In the Courts (3 cases)
$2.4 MILLION CONSENT JUDGMENT ENTERED AGAINST CONSTRUCTION COMPANY AND ITS PAYROLL AFFILIATE. A Massachusetts federal district court entered a consent judgment for $2.4 million against a construction company, Force Corporation, and its affiliate, AB Construction Group Inc., for misclassifying the bulk of their 478 employees as ICs and engaging in other wage and hour violations under the Fair Labor Standards Act (FLSA). According to a news release dated August 2, 2016 from the Wage and Hour Division (WHD) of the Department of Labor, an investigation conducted by the WHD revealed IC misclassification including overtime violations and improper record-keeping. The WHD also found that AB Construction was created to provide Force Corp. with much of its labor, and that Force Corp. prepared and controlled the payroll and payment procedures for both companies. The consent judgment orders the companies to pay nearly $2.4 million in back wages and liquidated damages to the employees; refrain from misclassifying employees as ICs; make, keep and preserve accurate records of employees’ wages, hours and working conditions; and engage qualified independent consultants to create an FLSA-compliant payroll system. Perez v. Force Corp., 16-cv-40103 (TSH) (D. Mass. Aug. 1, 2016).
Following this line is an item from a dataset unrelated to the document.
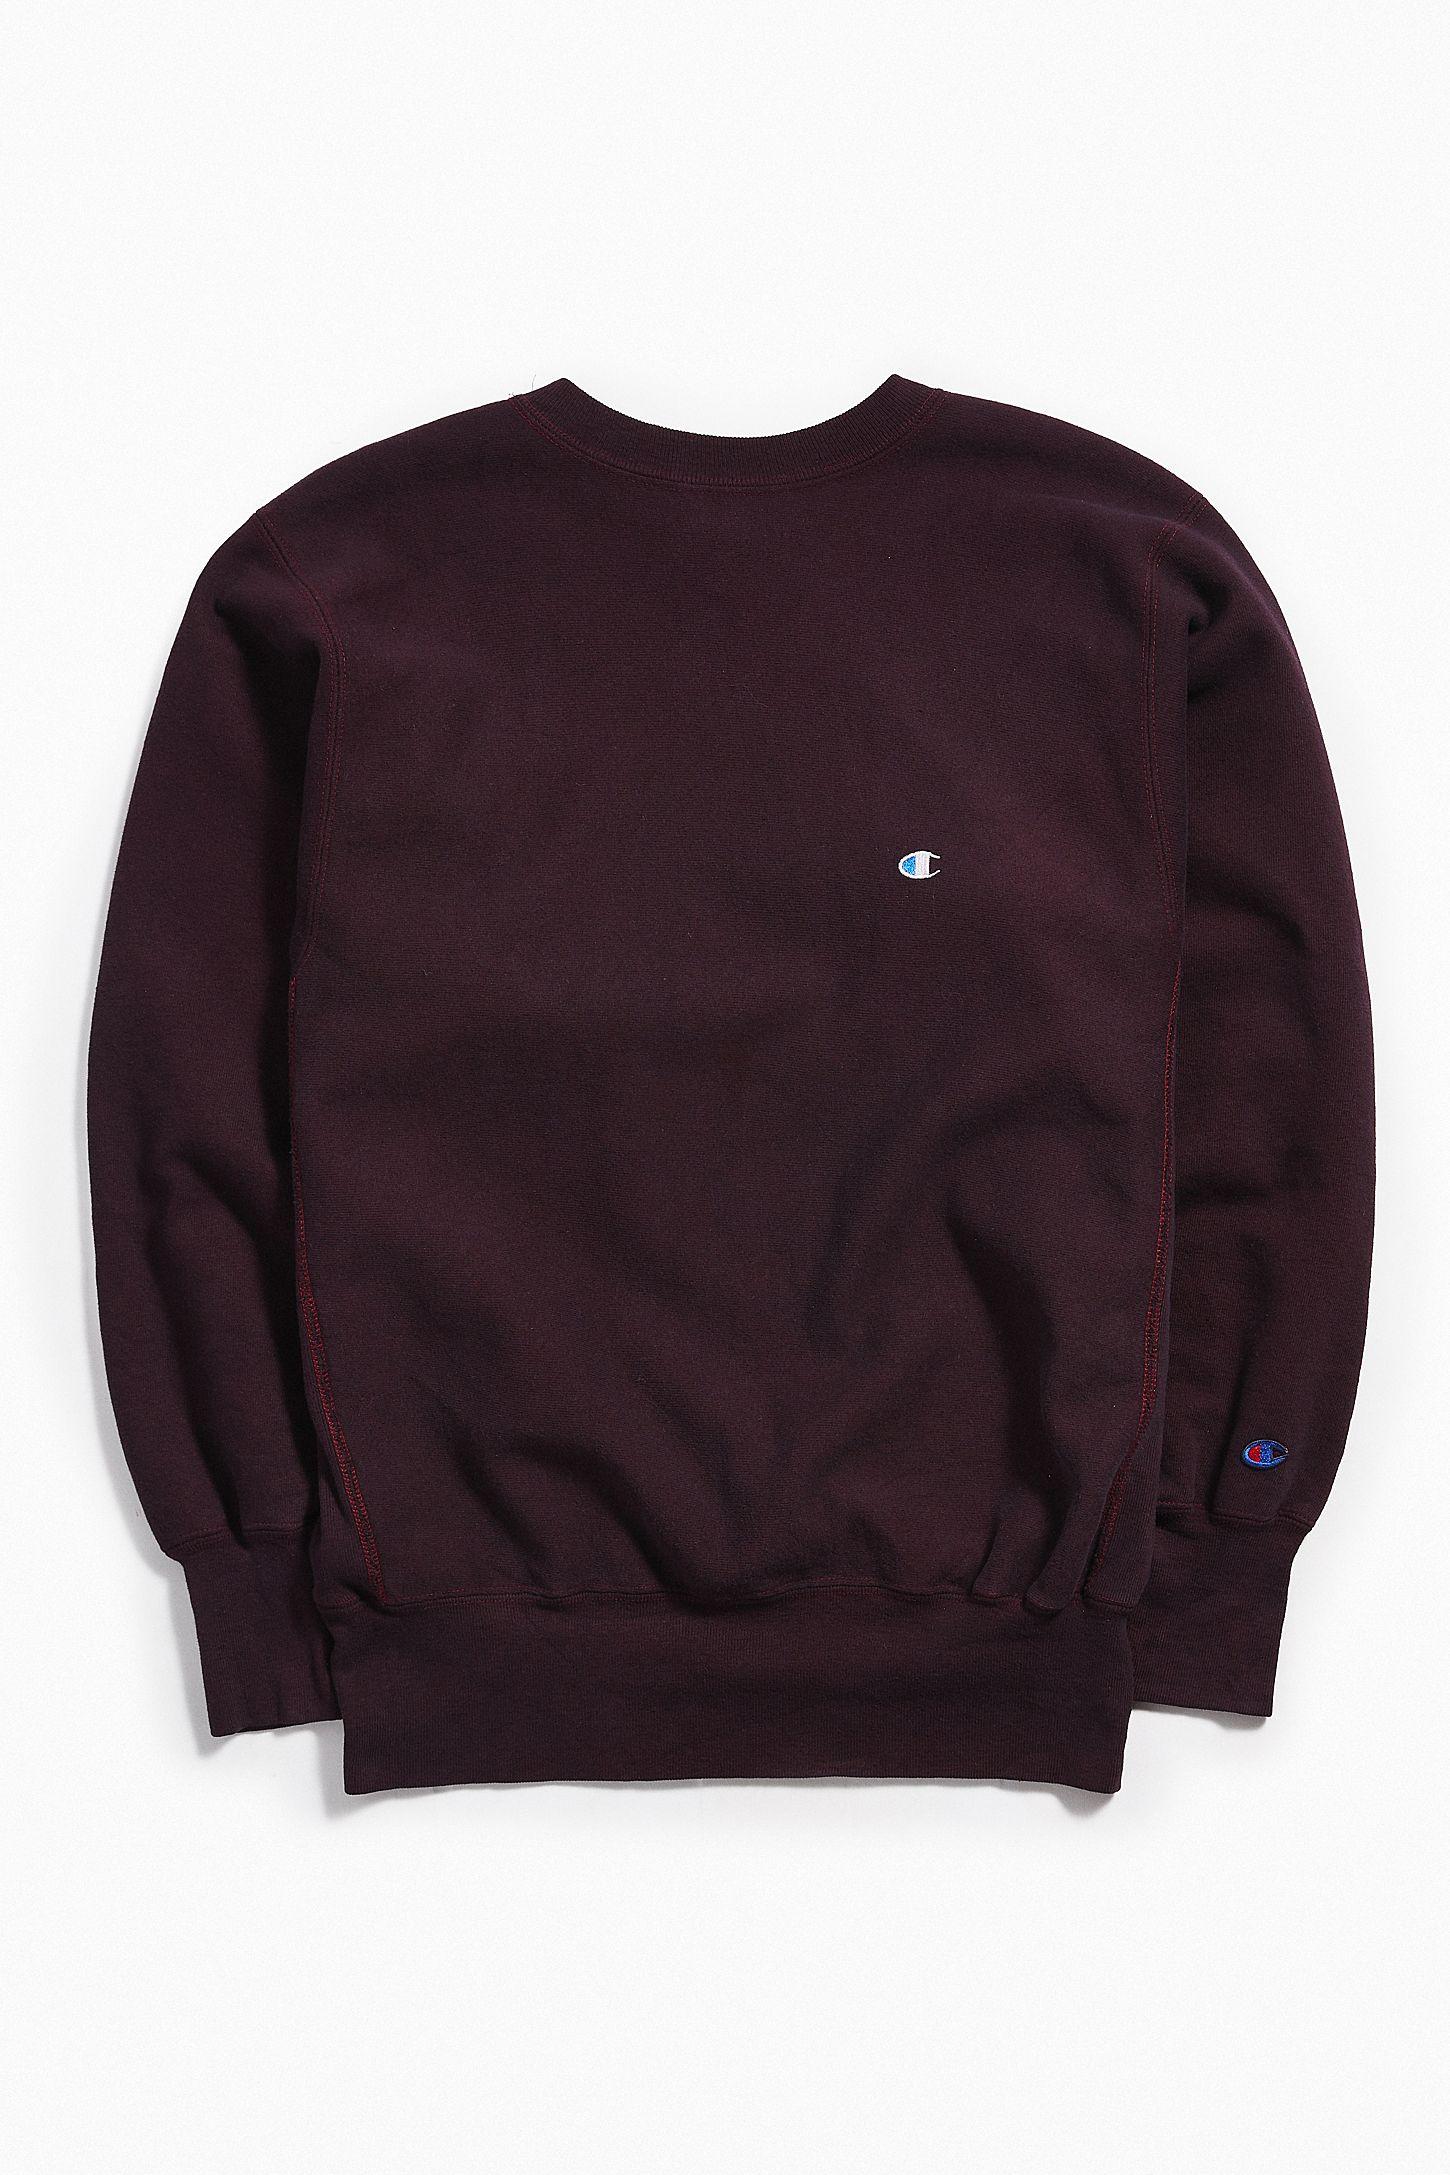 Vintage Champion Burgundy Crew Neck Sweatshirt

LEADING TRUCKING AND TRANSPORTATION LOGISTICS FIRM SUED FOR IC MISCLASSIFICATION. A California truck driver filed a class action complaint in federal court against one of North America’s largest trucking and logistics firms, J.B. Hunt Logistics, Inc. The company provides transportation of customers’ products via semi trailer trucks. The IC misclassification lawsuit alleges that the company failed to pay drivers overtime under the FLSA and failed to reimburse them for expenses under the California Labor Code. The driver claims that he and other drivers were required to lease trucks through the Company at their own expense; the Company controlled all aspects of the drivers’ employment; and drivers had no ability to negotiate the fees that drivers received. Guevara v. J.B. Hunt Logistics, Inc., No. 16-cv-06410 (C.D. Cal. Aug. 25, 2016).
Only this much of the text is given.